To address these issues, we designed a reinforcement structure consisting of a rectangular tube array installed in the gaps between the liquid-cooled battery boxes and the door frame. This array includes vertical rectangular tubes connected to all Z-shaped brackets and battery boxes within each rack, linked by horizontal stiffeners to form a rigid framework. Rubber cushion pads are attached to the tubes to fill voids and absorb impacts, thereby restricting outward movement of the energy storage cells during accelerations. The reinforcement acts to transfer loads from the battery boxes to the door panel and main frame, reducing stress concentrations at the original weak points.
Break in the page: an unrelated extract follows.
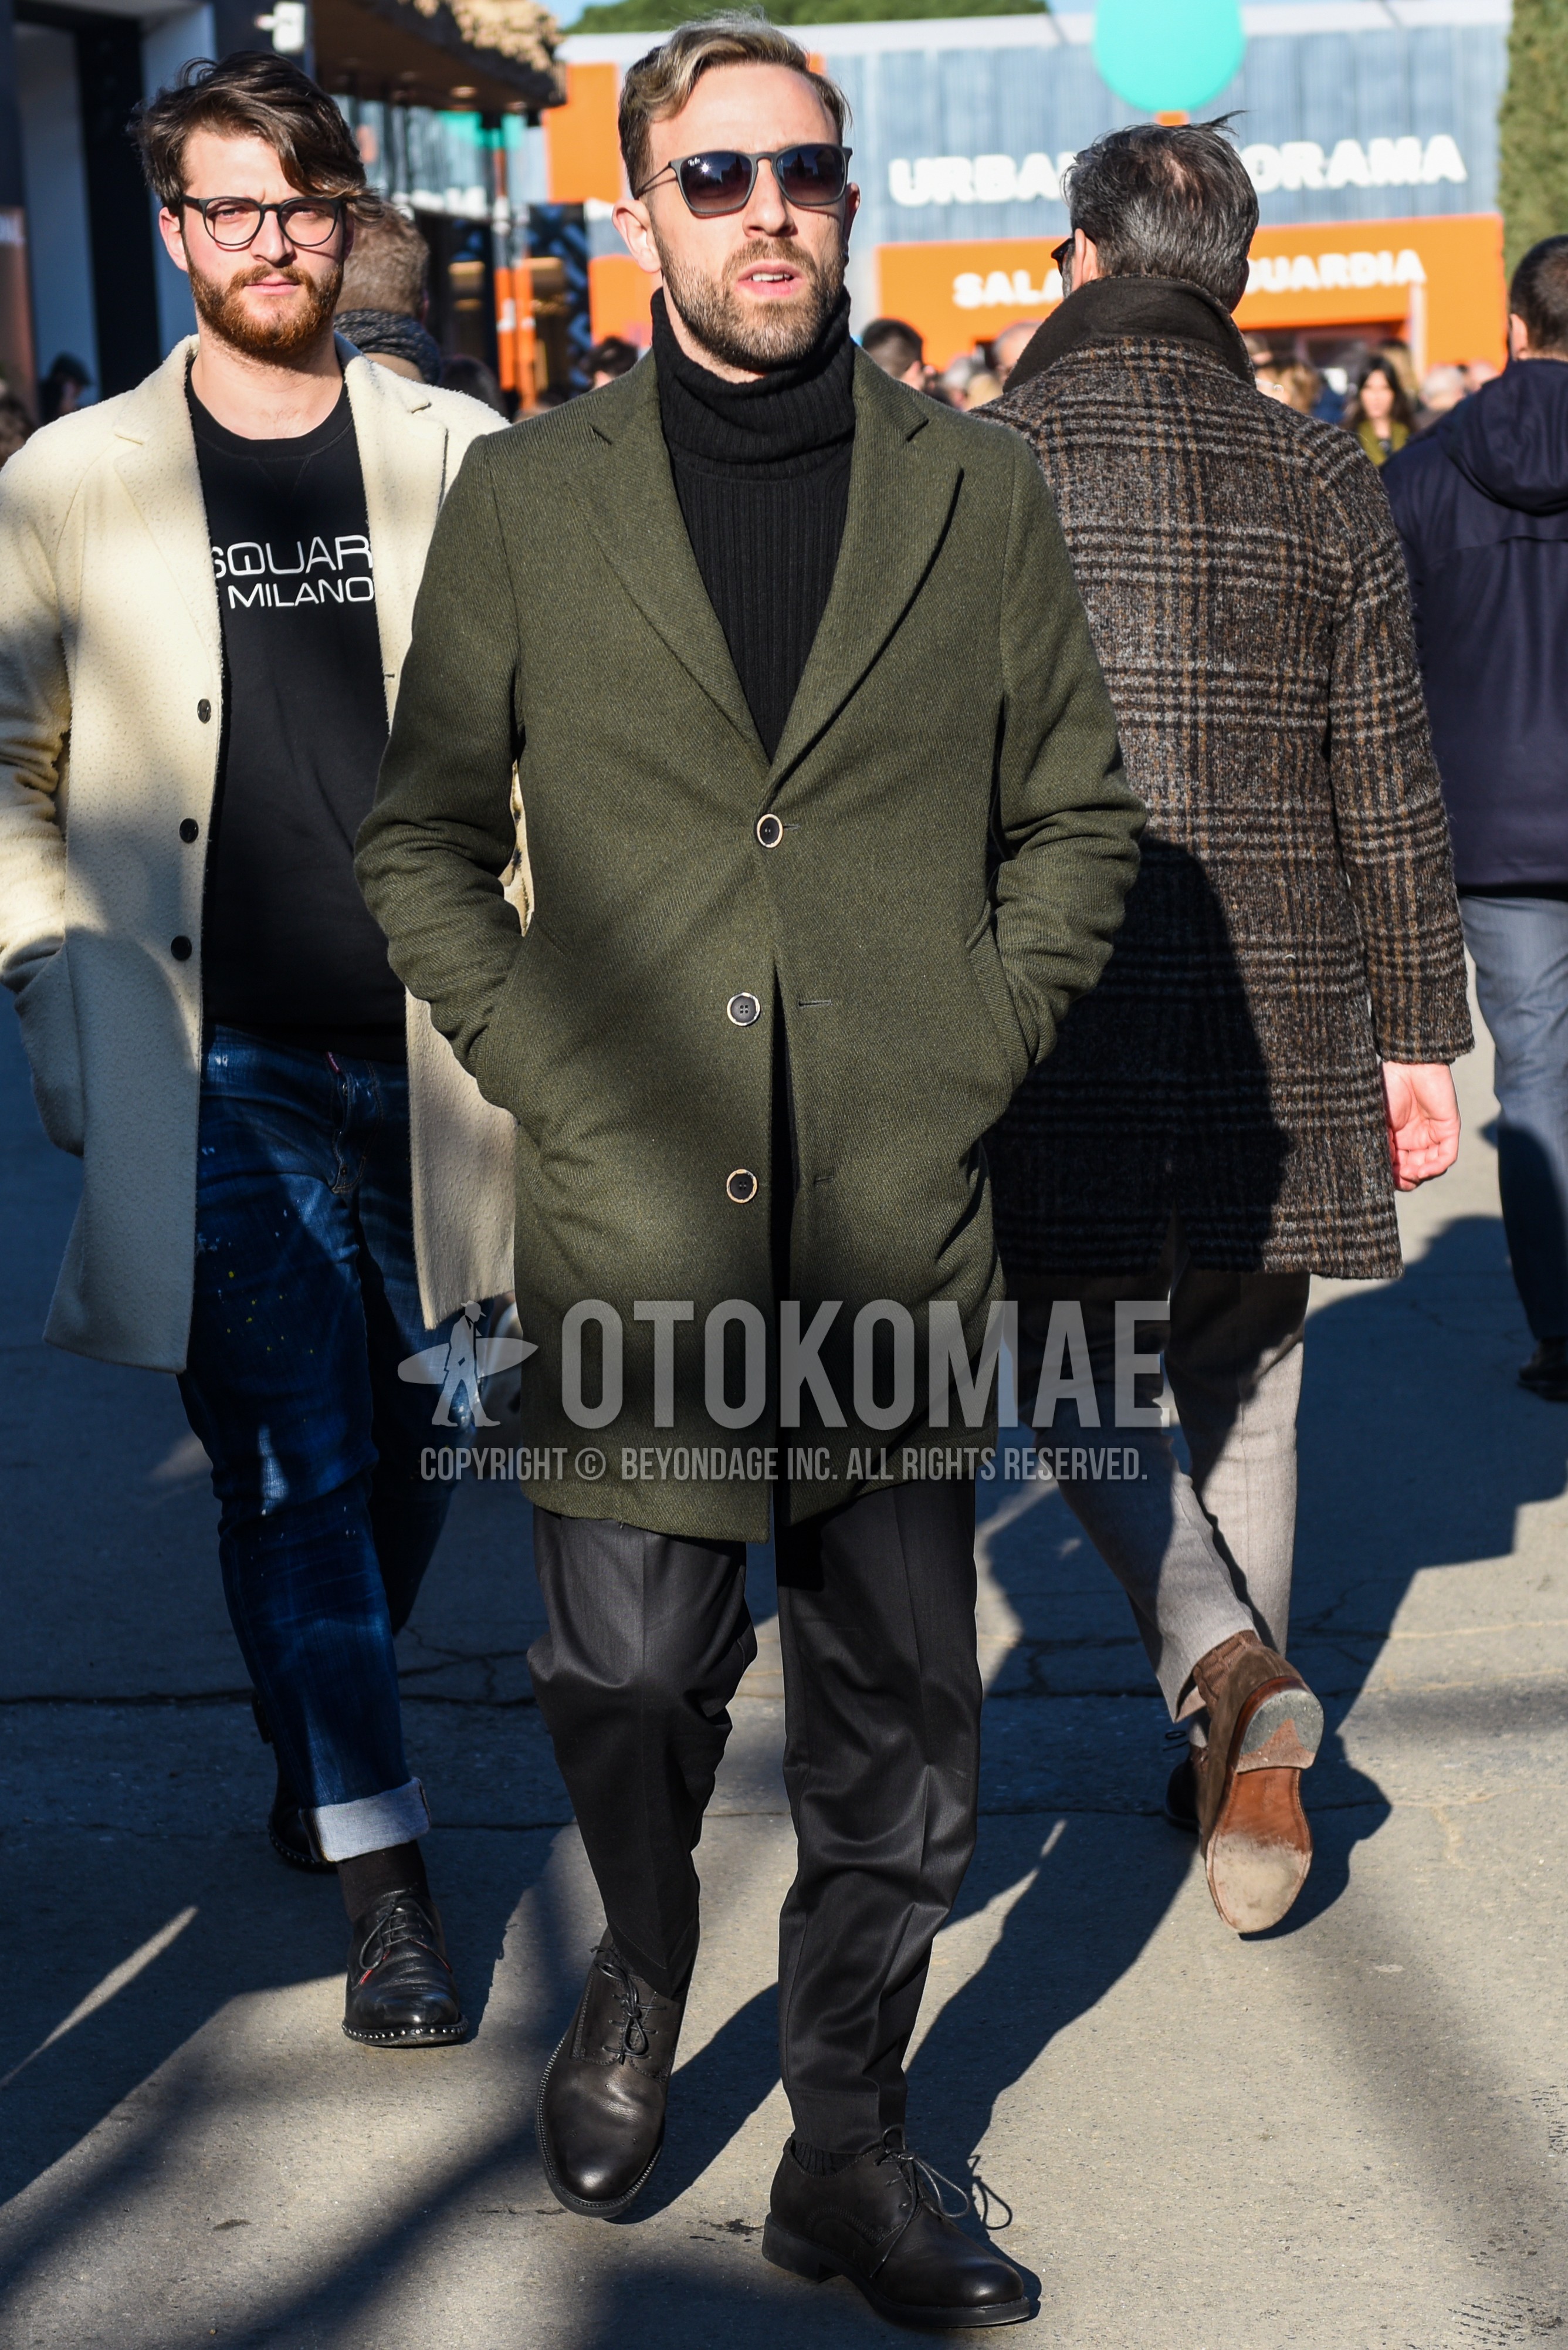 Men's autumn winter outfit with gray plain sunglasses, olive green plain chester coat, black plain turtleneck knit, gray plain slacks, black plain toe leather shoes.

The design is lightweight and minimally invasive, ensuring it does not interfere with the cabin’s internal layout or functionality.
We then performed a second FEA on the optimized model under the same extreme conditions. The results demonstrated a remarkable improvement: the maximum deformation decreased to 1.95 mm, well below the allowable limit of 12 mm (calculated as L/500, where L is the cabin length of 6,058 mm). The maximum von Mises stress was reduced to 243 MPa, with only isolated stress concentration points that can be disregarded in practice. The majority of the structure exhibited stresses below the allowable value of 213 MPa, derived from the yield strength divided by a safety factor of 1.1 (i.e., 235 MPa / 1.1). This confirms that the reinforced design meets strength requirements for marine transportation. The deformation and stress distributions are more uniform, indicating effective load redistribution. A comparison of key parameters before and after optimization is provided in Table 3.
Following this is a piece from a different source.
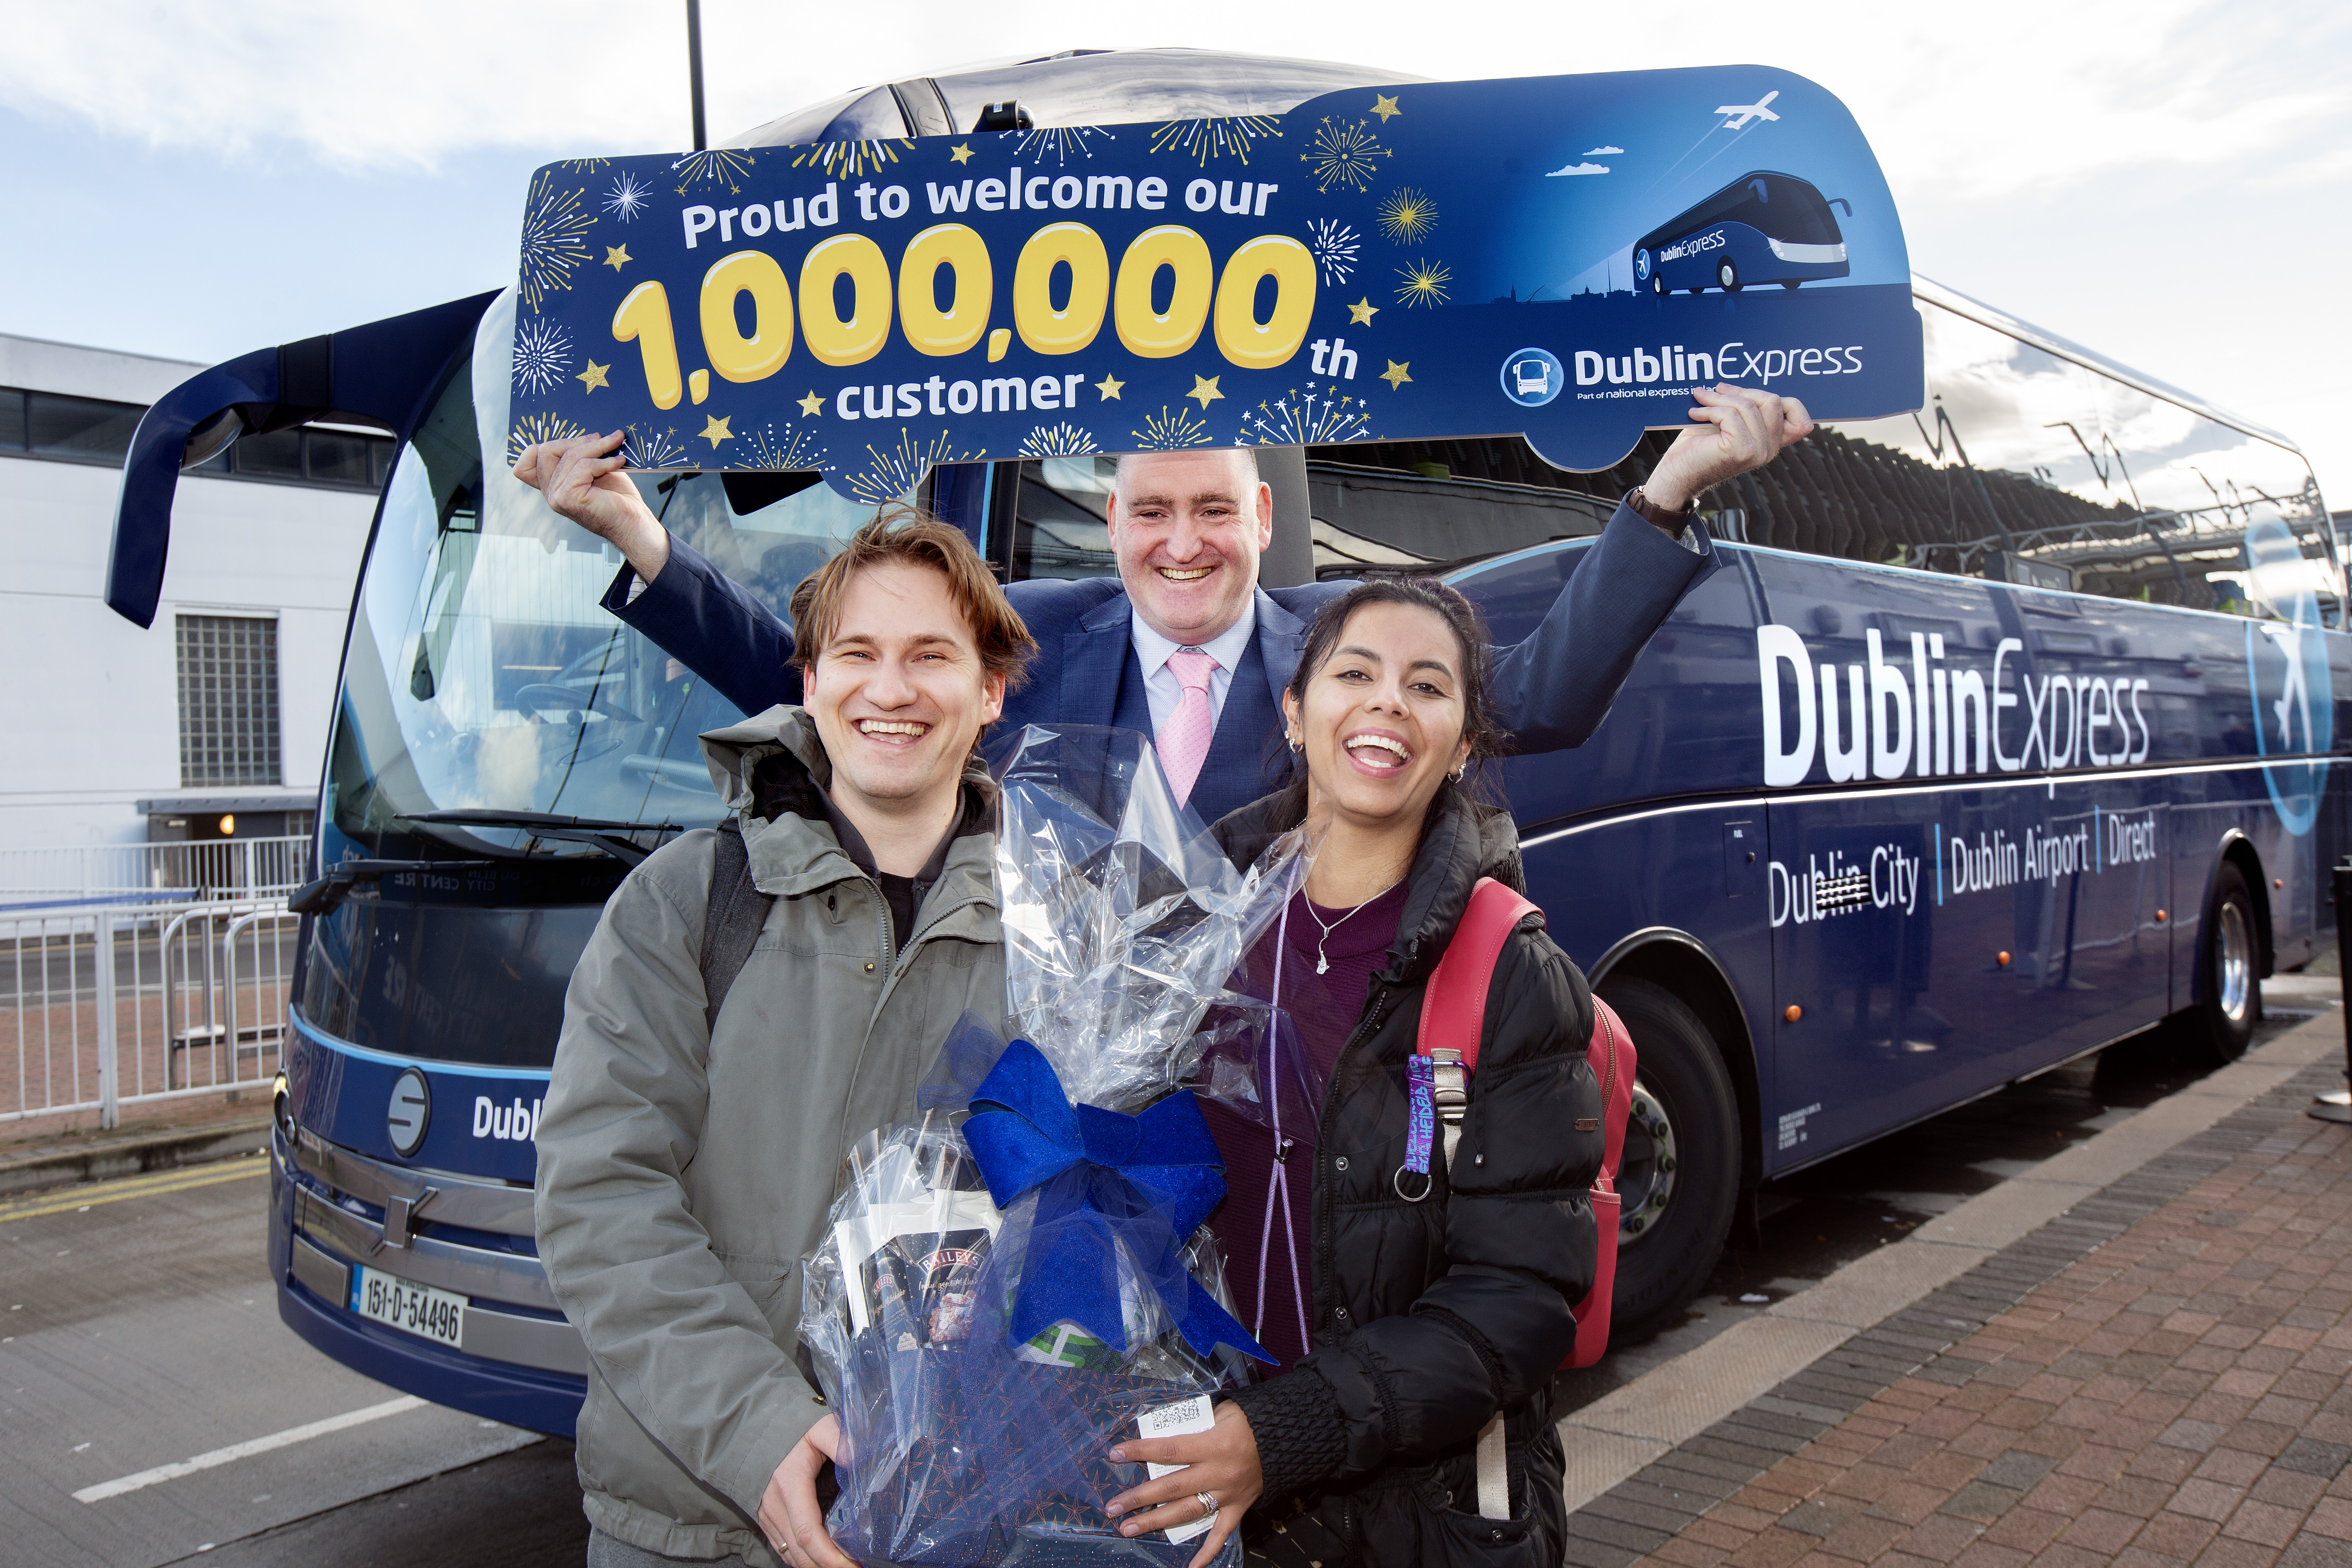 Dublin Express' Millionth Customer awarded with luxury hamper

| Parameter | Initial Model | Optimized Model | Allowable Value |
|---|---|---|---|
| Max Deformation (mm) | 46 | 1.95 | 12 |
| Max von Mises Stress (MPa) | 4,511.8 | 243 | 213 |
| Critical Locations | Z-bracket and rail connections | Isolated points | N/A |
The optimization not only enhances the strength but also improves the overall safety and reliability of the energy storage battery cabin. By integrating the rectangular tube array, we effectively mitigate the risks associated with marine transportation, ensuring that the energy storage cells remain secure under dynamic loads. This approach leverages finite element analysis as a predictive tool, allowing for proactive design improvements without costly physical prototypes. The methodology can be extended to other components of energy storage systems, such as thermal management units or battery enclosures, to further optimize performance in harsh environments.
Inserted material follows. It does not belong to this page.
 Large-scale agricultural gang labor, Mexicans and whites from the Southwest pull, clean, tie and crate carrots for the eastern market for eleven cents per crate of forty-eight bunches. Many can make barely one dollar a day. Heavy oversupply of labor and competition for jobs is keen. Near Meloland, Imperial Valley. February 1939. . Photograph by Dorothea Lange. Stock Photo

In conclusion, this study successfully identifies and resolves structural weaknesses in energy storage battery cabins for marine transportation through finite element analysis and targeted reinforcement. The initial model revealed critical stress concentrations at the connections between energy storage cells and guide rails, which were alleviated by a rectangular tube array design. Simulation results confirm that the optimized cabin withstands extreme accelerations and rolling motions, with deformations and stresses within safe limits. This work provides a robust framework for assessing and enhancing the structural integrity of energy storage systems, contributing to safer and more reliable operations in global energy applications. Future research could explore dynamic analyses, material innovations, or real-time monitoring to further advance the design of energy storage cells and their enclosures.